Yet, you still need to be educated to understand whatever language it is translated to.

>Multiple witnesses to a crime/accident, as many variations on what supposedly happened as there are witnesses. Classic fact. People can't be universally counted upon to see what is in front of them.

You are using a real world situation in a 3D space with multiple points of view which I agree with in terms of interpretations. I am using a visual art form: painting which is 2D and seen from one point of view. Using the Rembrandt again as an example, people will see it as a painting of a man at the least. Again, other interpretations can occur.

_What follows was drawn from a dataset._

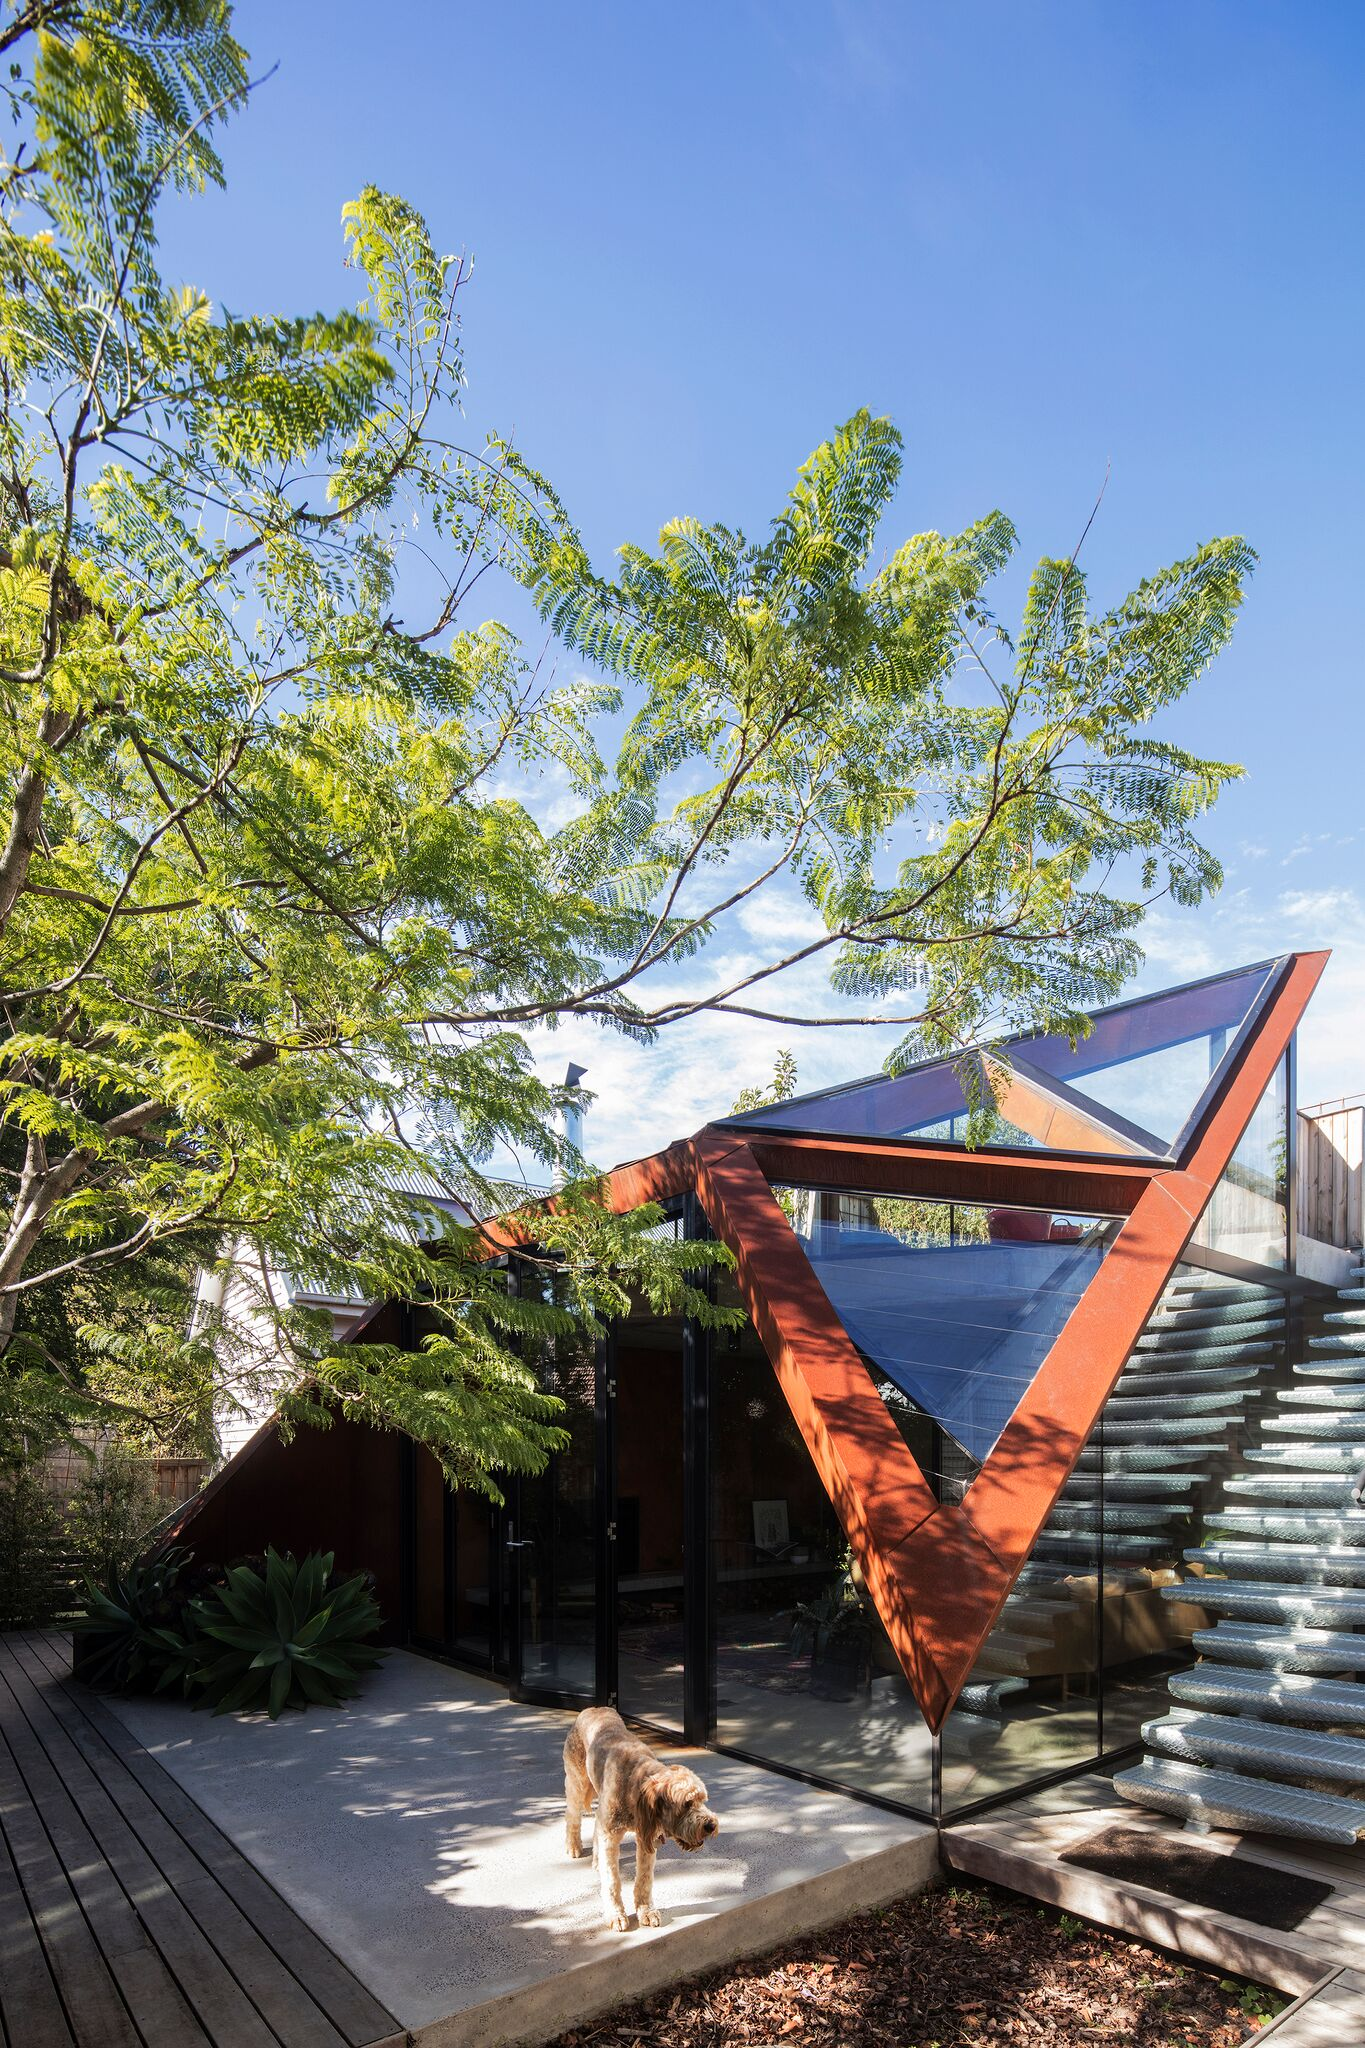 Australian Architecture - Melbourne, VIC, Australia

>>Are you saying that if someone saw that Rembrandt they would not get the immediate impression that it is a man?
>Yeah, and if an English-only speaker saw a book in Russian they would get the immediate impression if it was a novel. Stupid point to make.

You are now talking about immediate PHYSICAL experience of objects. Your example can be used for painting as well: it is immediately understood as oil on canvas. My point is that after experiencing the physical object as oil on canvas, it is easier to access that this is a painting of a man. This is in opposition to the novel which takes time in other to get the "experience."

>What universal impression would one get from this?>>8241812

I used representational art for a reason. Abstract art, or are least the good ones actually need education to be understood. For example, in the same way a Pollock cannot be understood without being educated in a specific field, the same can be said for James Joyce.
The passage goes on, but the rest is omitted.